Graphical representations show the same sequence in different styles, emphasizing the boundary between the Precambrian and Paleozoic and the spread of Paleozoic sub-eras (Cambrian, Ordovician, Silurian, Devonian, Carboniferous, etc.). The Cambrian boundary is a major pivot in the history of life, with notable changes in biodiversity and body plans.
Continental arrangement, climate, and global circulation
Continental positions were very different in the past, with reconstructions showing significant shifts in landmass arrangements on tens of millions of years scales. The arrangement of continents greatly affected climate, ocean circulation, and biodiversity.
If Earth were dominated by oceans with no land masses, strong equatorial currents would form, constraining tropical heat near the equator and producing steep latitudinal temperature gradients (hot tropics to polar regions).
In contrast, with a large supercontinent, warm equatorial water would be deflected north and south by landmasses, spreading tropical warmth more evenly and flattening the temperature gradient. This deflection is analogous to the modern Gulf Stream, which helps keep Ireland and Britain milder than their high latitudes would suggest.
The extent of shallow continental shelves is another key factor: shelves (depths typically < $100\,\text{m}$ on average) are crucial for marine productivity because light penetrates shallow seas and nutrients run off from land feed coastal ecosystems. The amount and distribution of shallow shelves vary globally and change with sea level and uplift, significantly shaping biodiversity.
As continents move, new shallow seas appear or disappear along continental margins, affecting marine productivity, nutrient supply, and light availability, all of which influence evolution and biodiversity.

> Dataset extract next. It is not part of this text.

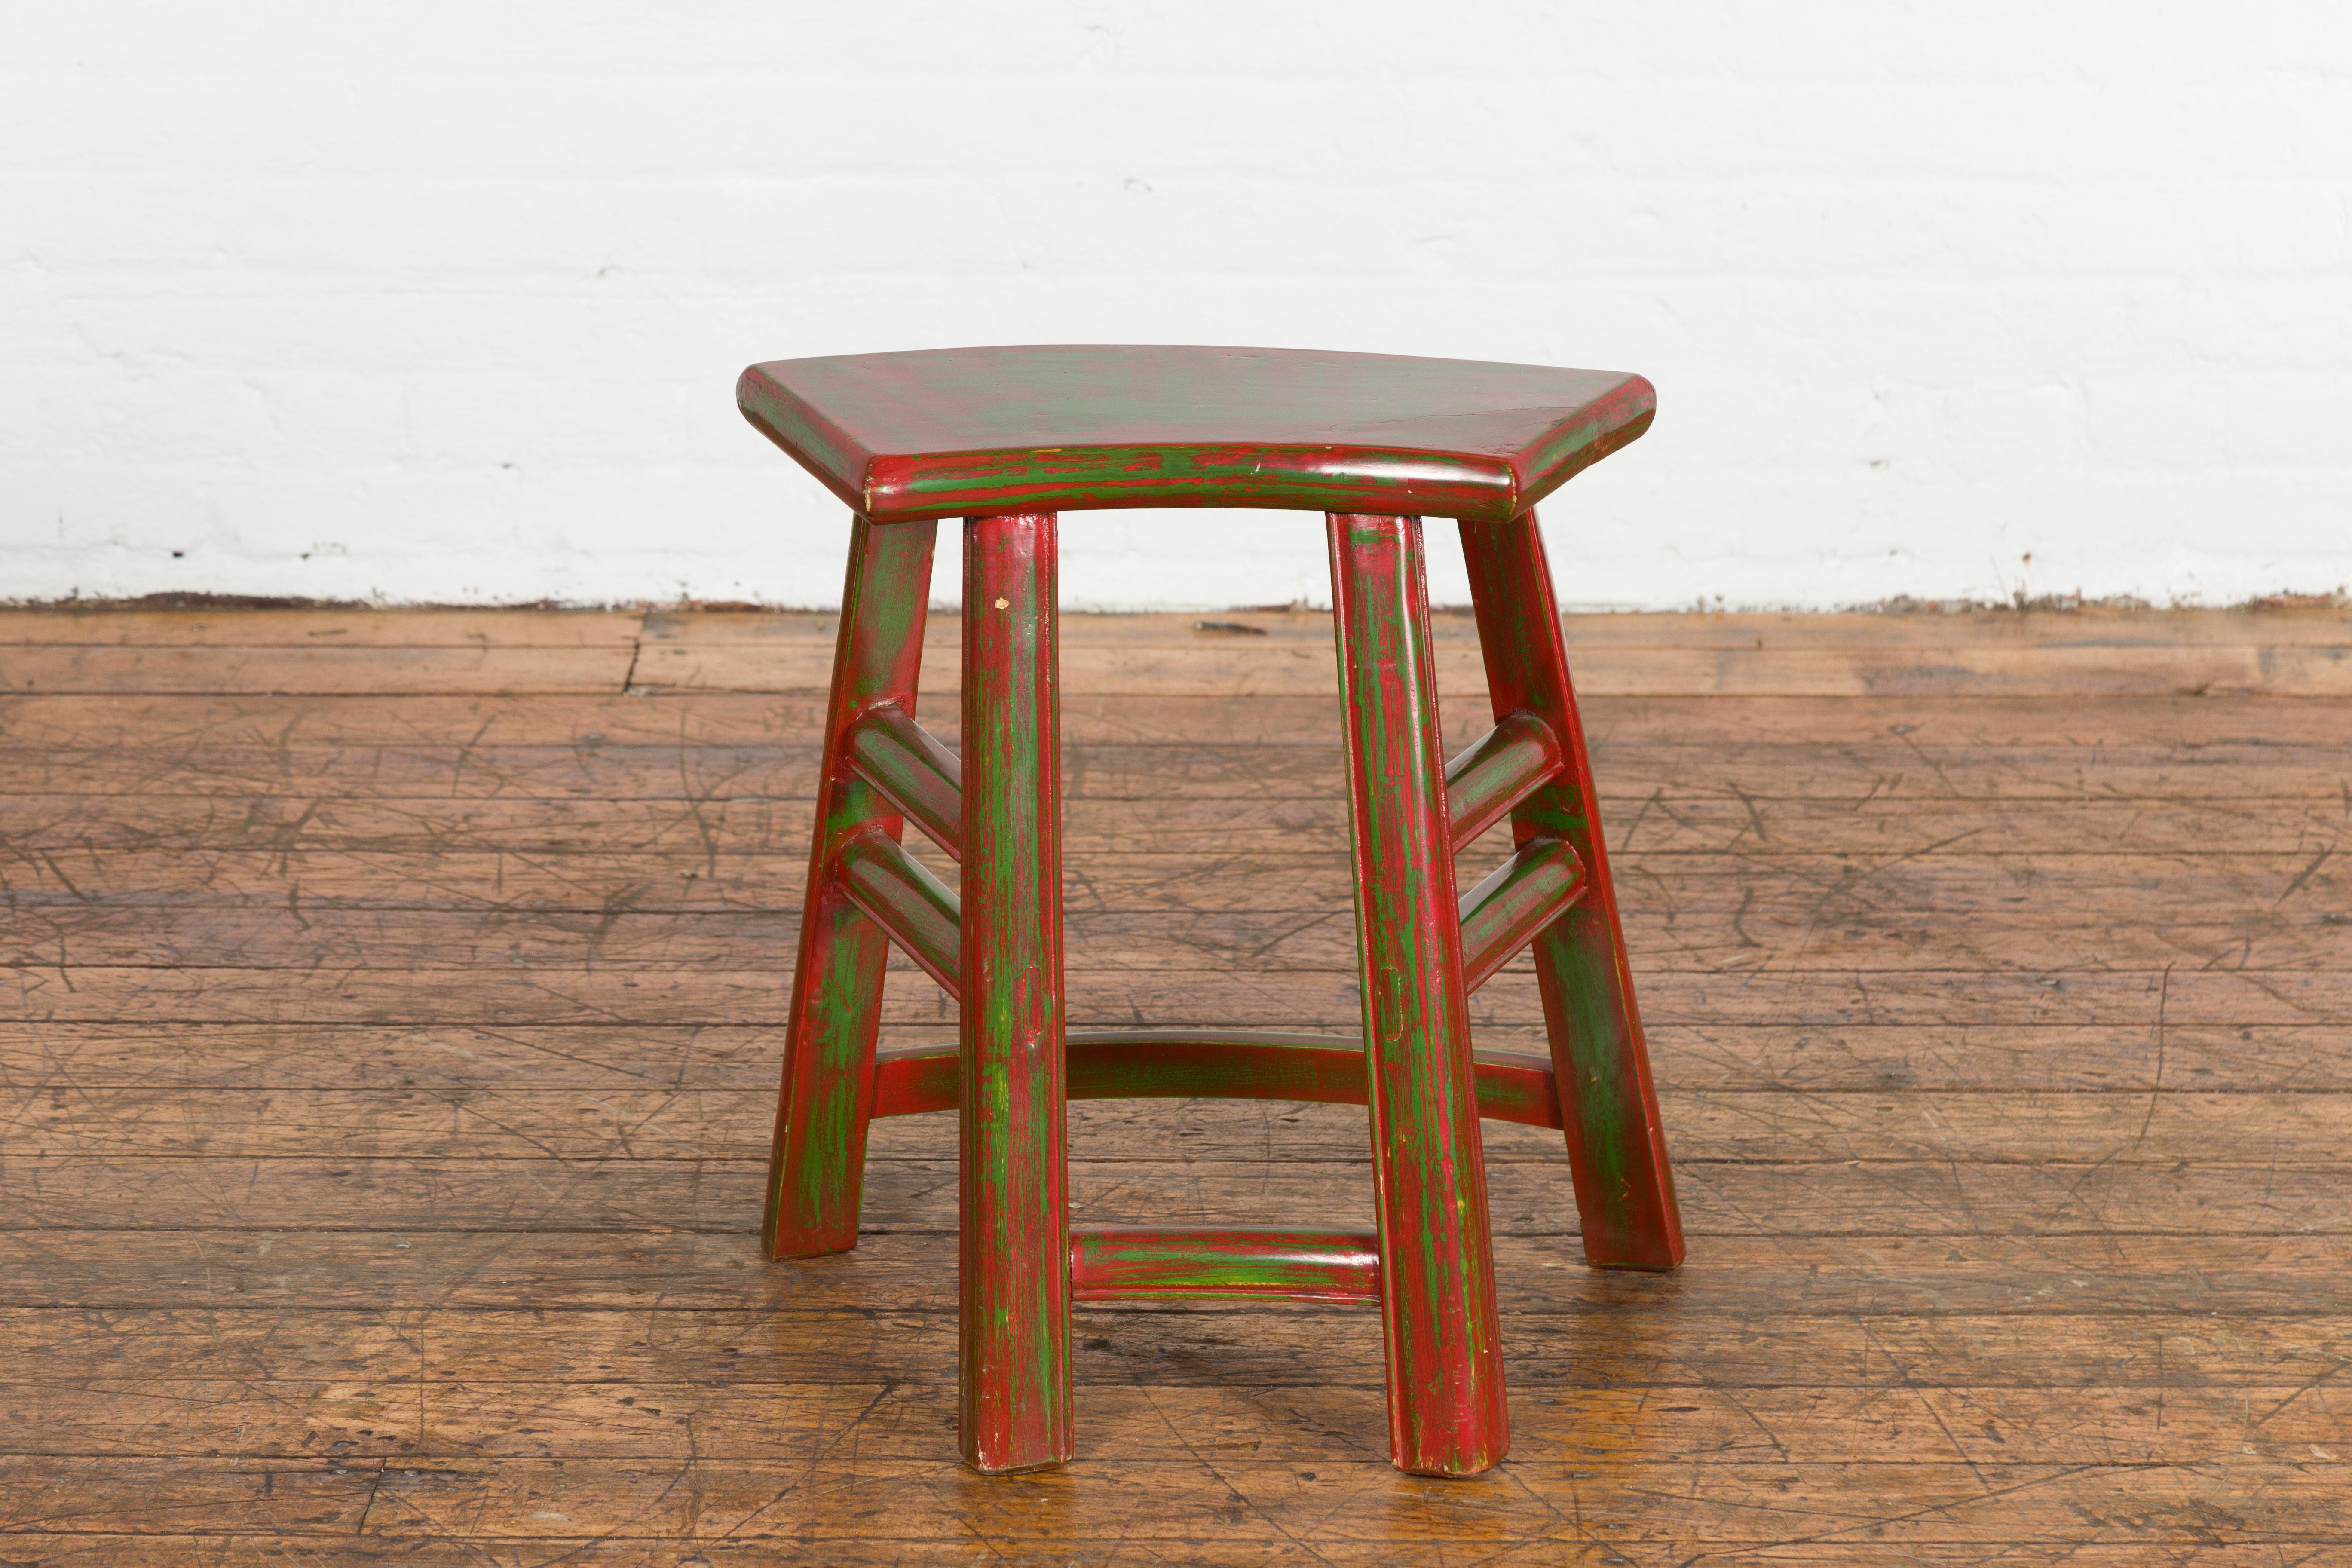 A Japanese late Meiji period red lacquered stool from the early 20th century, with hand painted green accents, semi circular top, four splaying legs and side stretchers. Created in Japan during the late Meiji period in the early years of the 20th
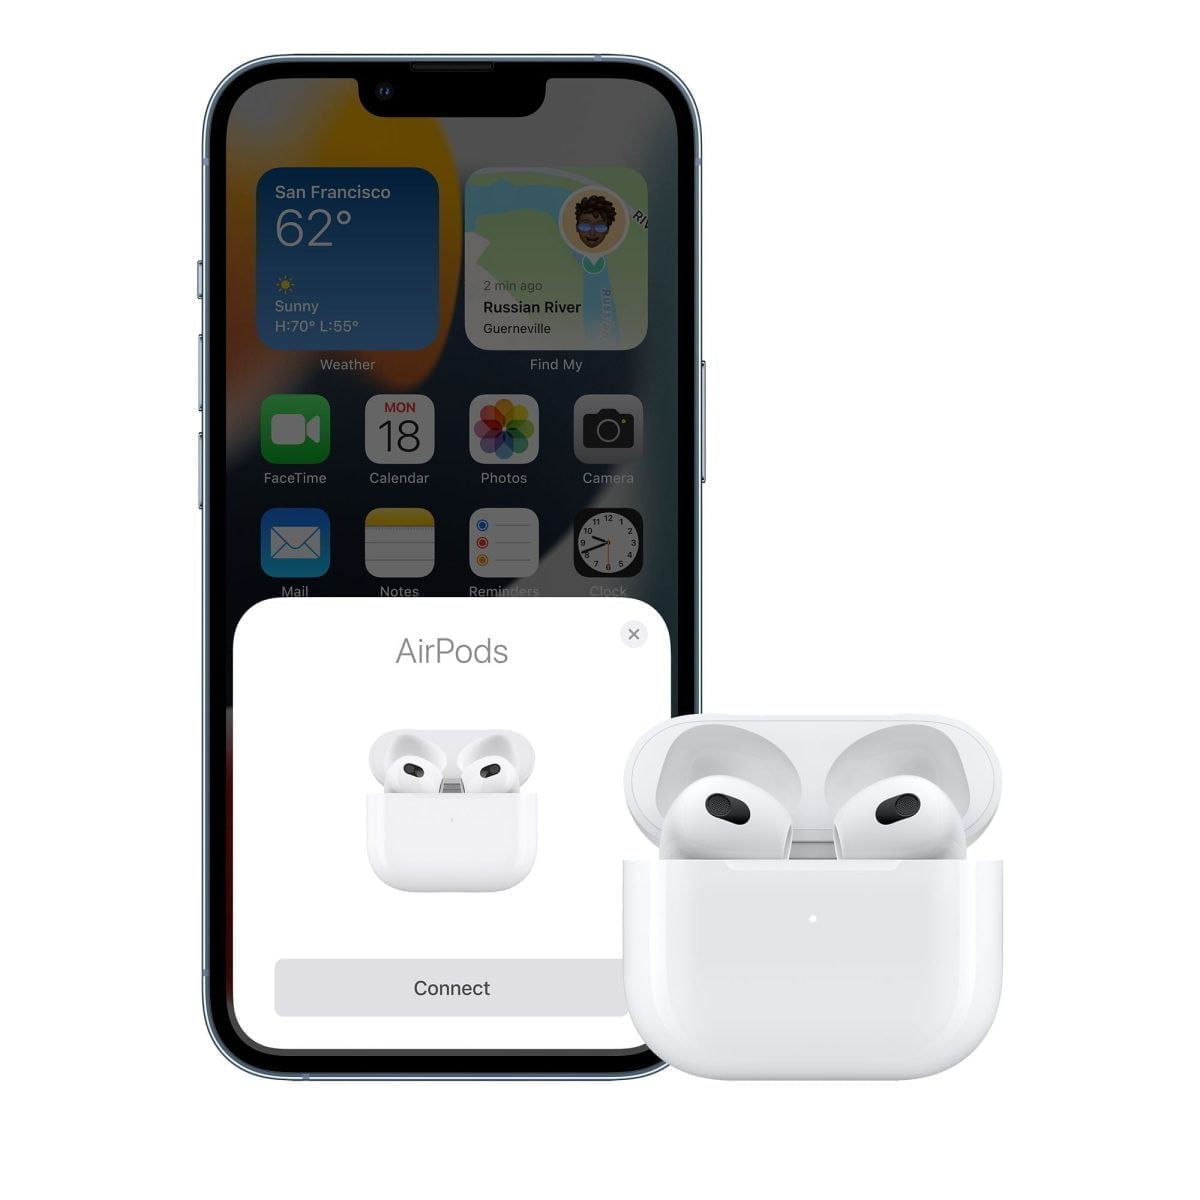 Mme73 Av5 Apple &Lt;H1&Gt;Apple Airpods (3Rd Generation) - White&Lt;/H1&Gt; &Lt;Div Class=&Quot;Rc-Pdsection-Mainpanel Column Large-9 Small-12&Quot;&Gt; &Lt;H2 Class=&Quot;H4-Para-Title&Quot;&Gt;All-New Design&Lt;/H2&Gt; &Lt;Div Class=&Quot;Para-List As-Pdp-Lastparalist&Quot;&Gt; Airpods Are Lightweight And Offer A Contoured Design. They Sit At Just The Right Angle For Comfort And To Better Direct Audio To Your Ear. The Stem Is 33 Percent Shorter Than Airpods (2Nd Generation) And Includes A Force Sensor To Easily Control Music And Calls. &Lt;/Div&Gt; &Lt;/Div&Gt; Apple Airpods Apple Airpods (3Rd Generation) - White (Mme73)

Evidence for paleogeography and shallow seas during the Paleozoic
Early Cambrian continents formed several large landmasses that later fused into a single supercontinent by the late Paleozoic/Permian. The map illustrates how island- to supercontinent configurations evolved through Cambrian to Permian times, with the equator marked and shallow seas along margins.
In these reconstructions, tropical and subtropical oceans with shallow shelves are concentrated near the equator. The configuration of landmasses and shallow seas strongly correlates with where early marine life diversifies.
The distribution of continental shelves explains why tropical shallow seas are common near landmasses, while deeper marine environments expand away from shelves as you move toward mid- to high latitudes.
The Cambrian boundary and early animal diversification
Around the Cambrian boundary ($\approx 542\,\text{Ma}$), there is a marked change in marine biodiversity and in the fossil record across several lines of evidence, including the number of marine classes or genera (a proxy for biodiversity).
The fossil record shows a rapid, exponential increase in diversity beginning near the Cambrian boundary, following a relatively low diversity in the late Neoproterozoic (the Ediacaran period).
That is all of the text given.